◆ COLLECTED MATERIAL
──────────
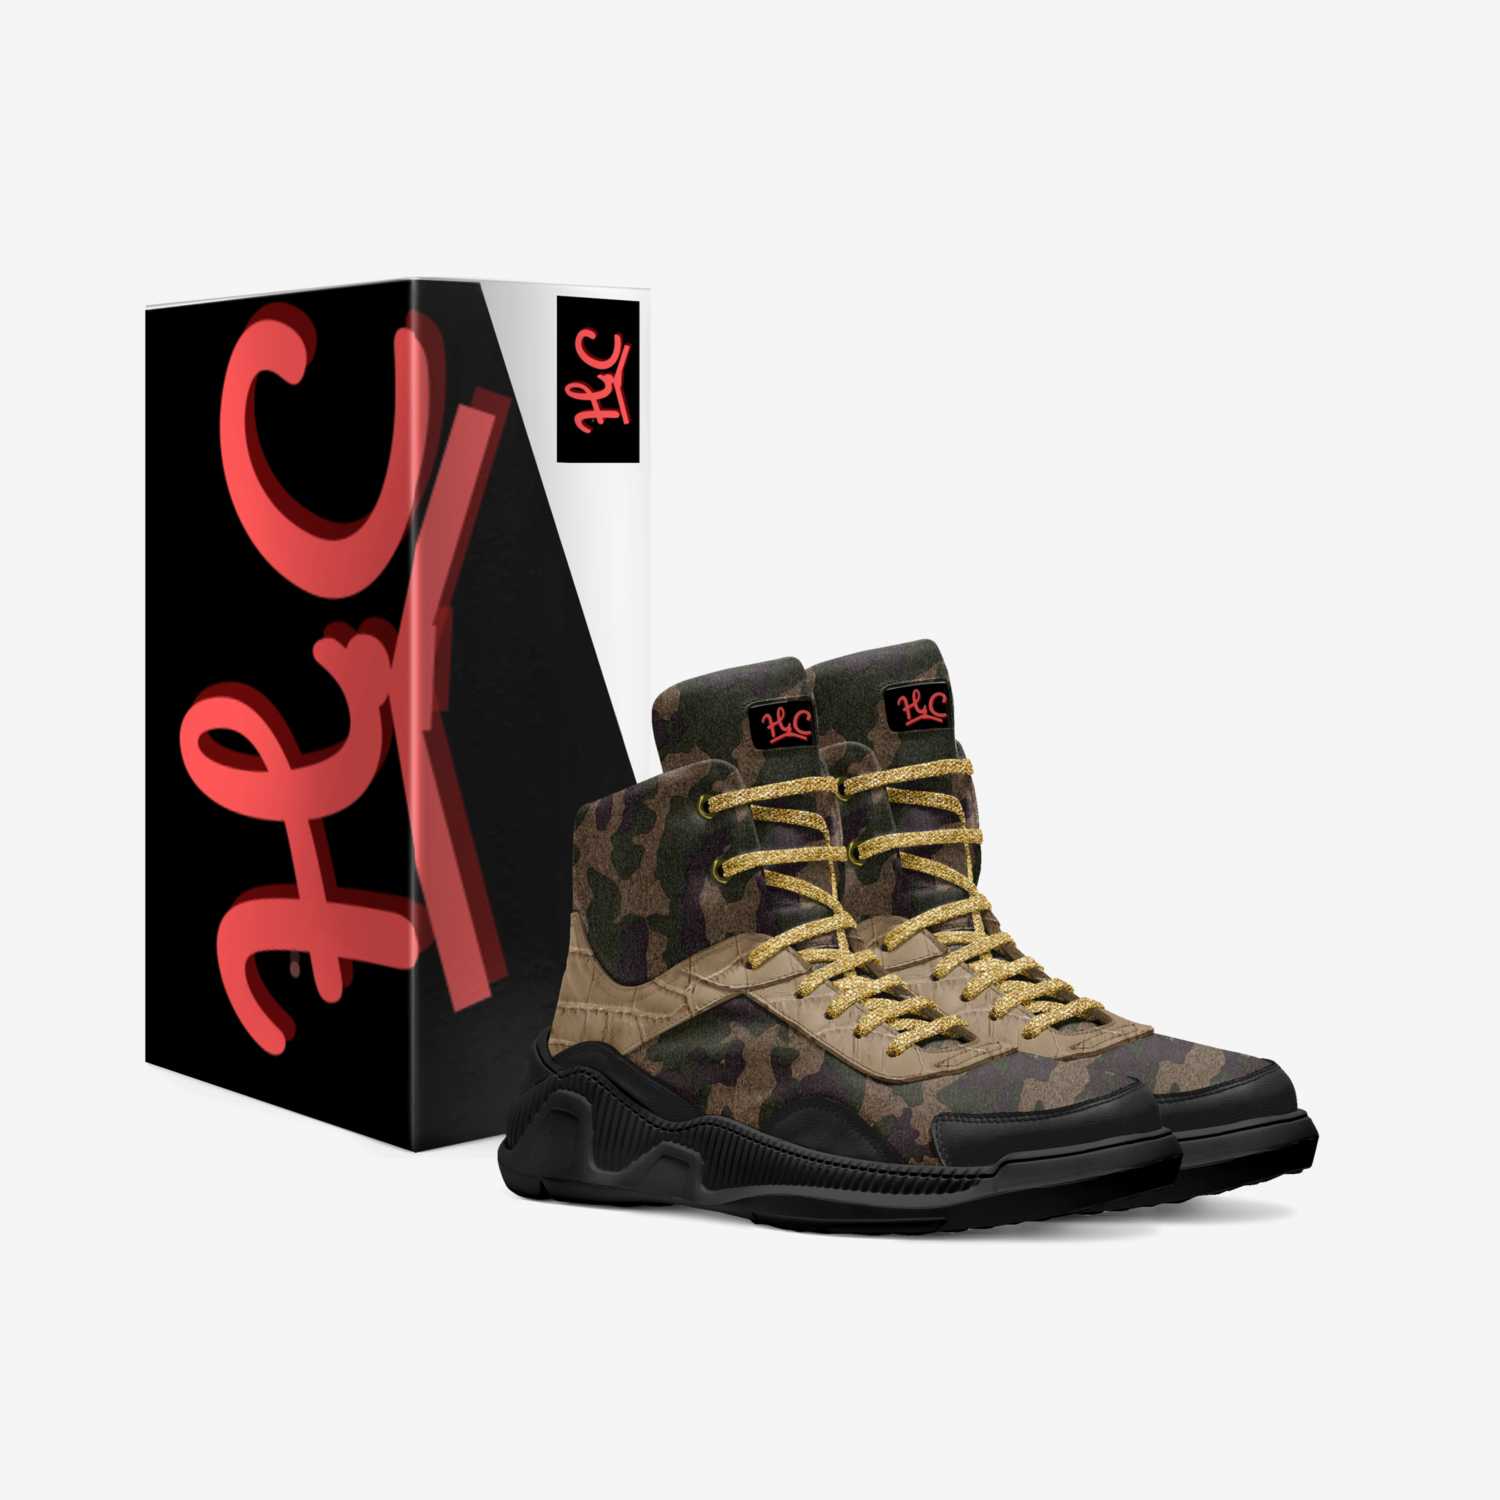 LOG custom made in Italy shoes by Abdijabar Galgallo | Box view
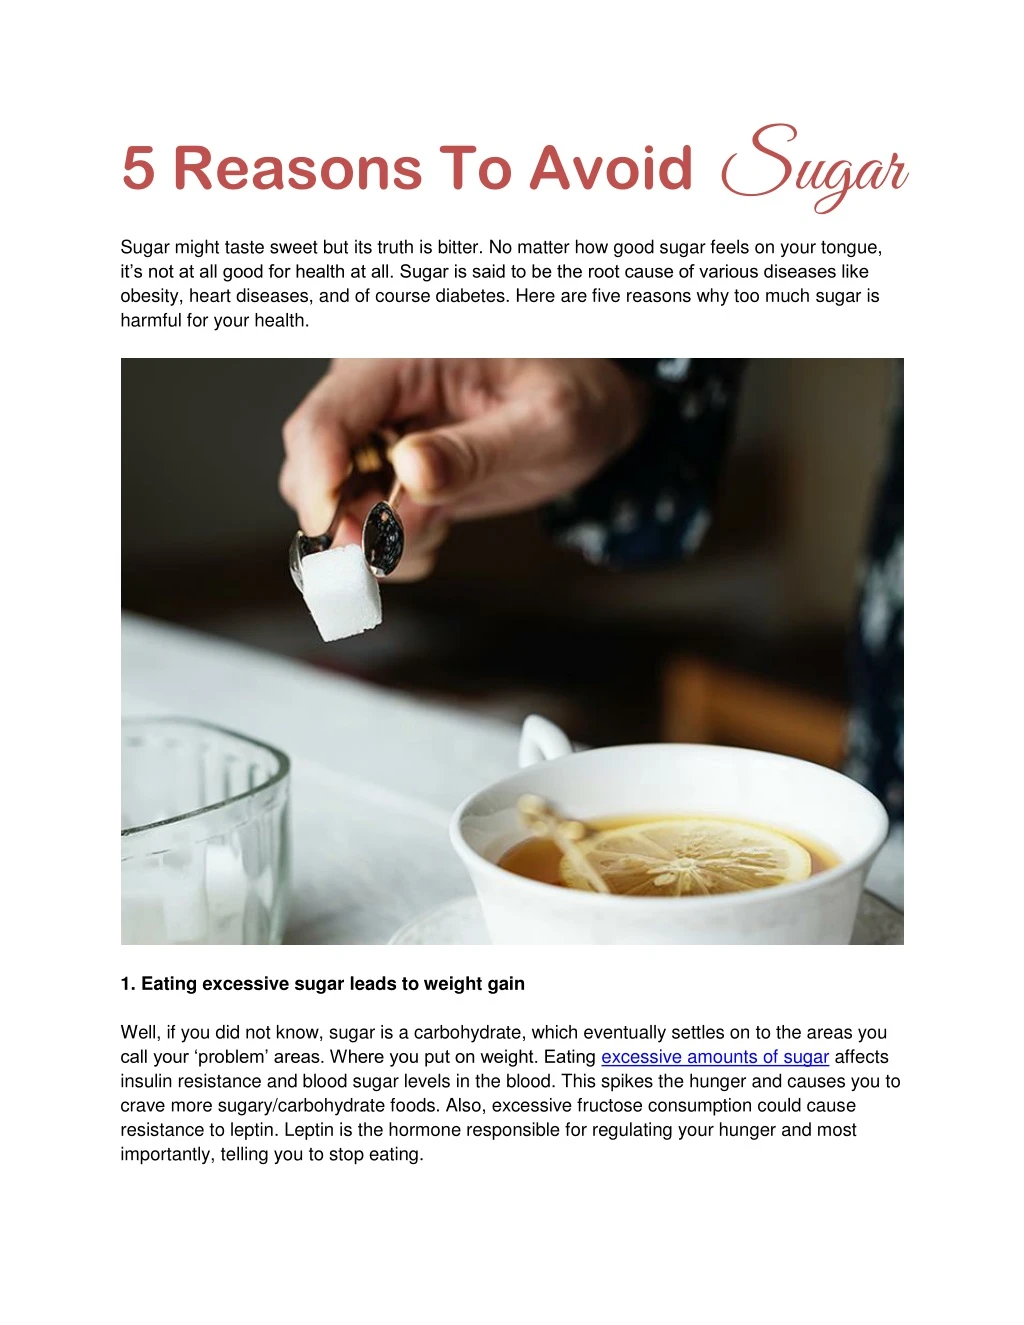 5 reasons to avoid sugar
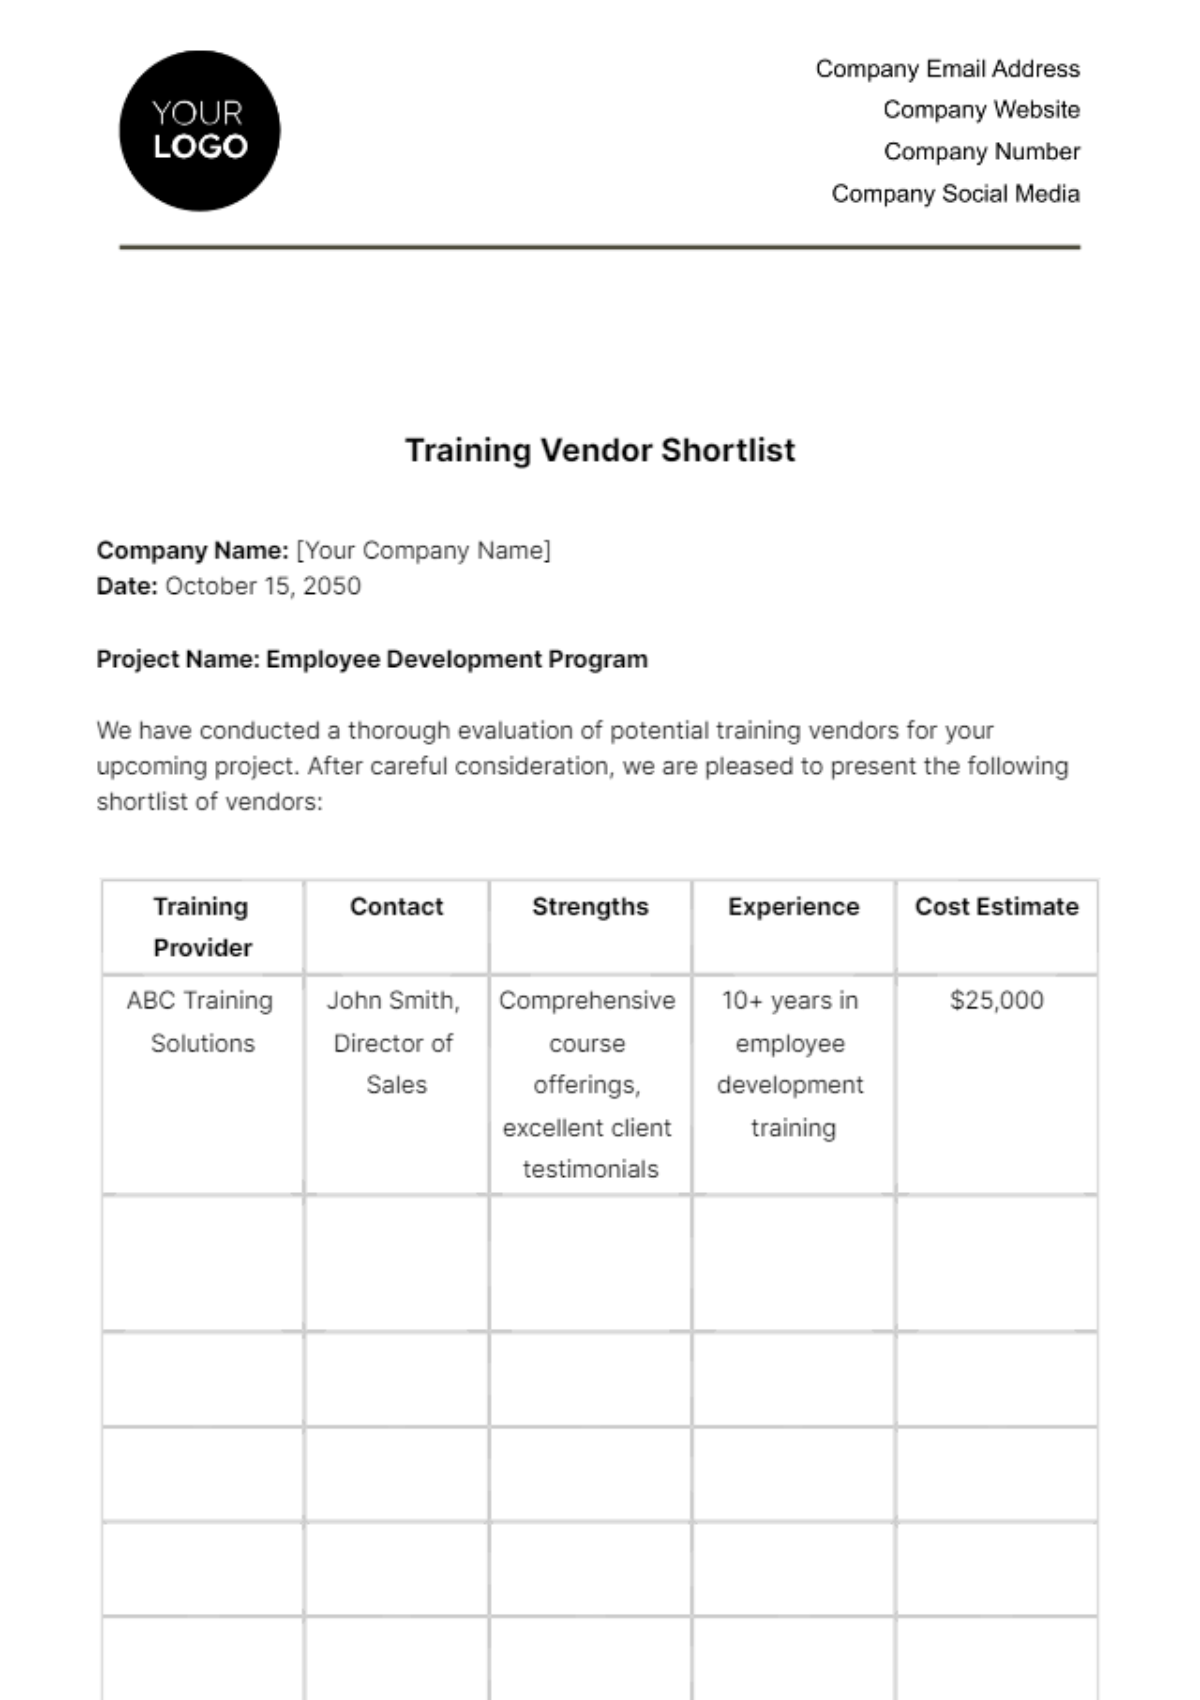 Free Training Vendor Shortlist HR Template
──────────
◆ PROBLEM DESCRIPTION
Would you retype all the material above exactly, apart from its pictures?

◆ REPLY
 LOG custom made in Italy shoes by Abdijabar Galgallo | Box view
 5 reasons to avoid sugar
 Free Training Vendor Shortlist HR Template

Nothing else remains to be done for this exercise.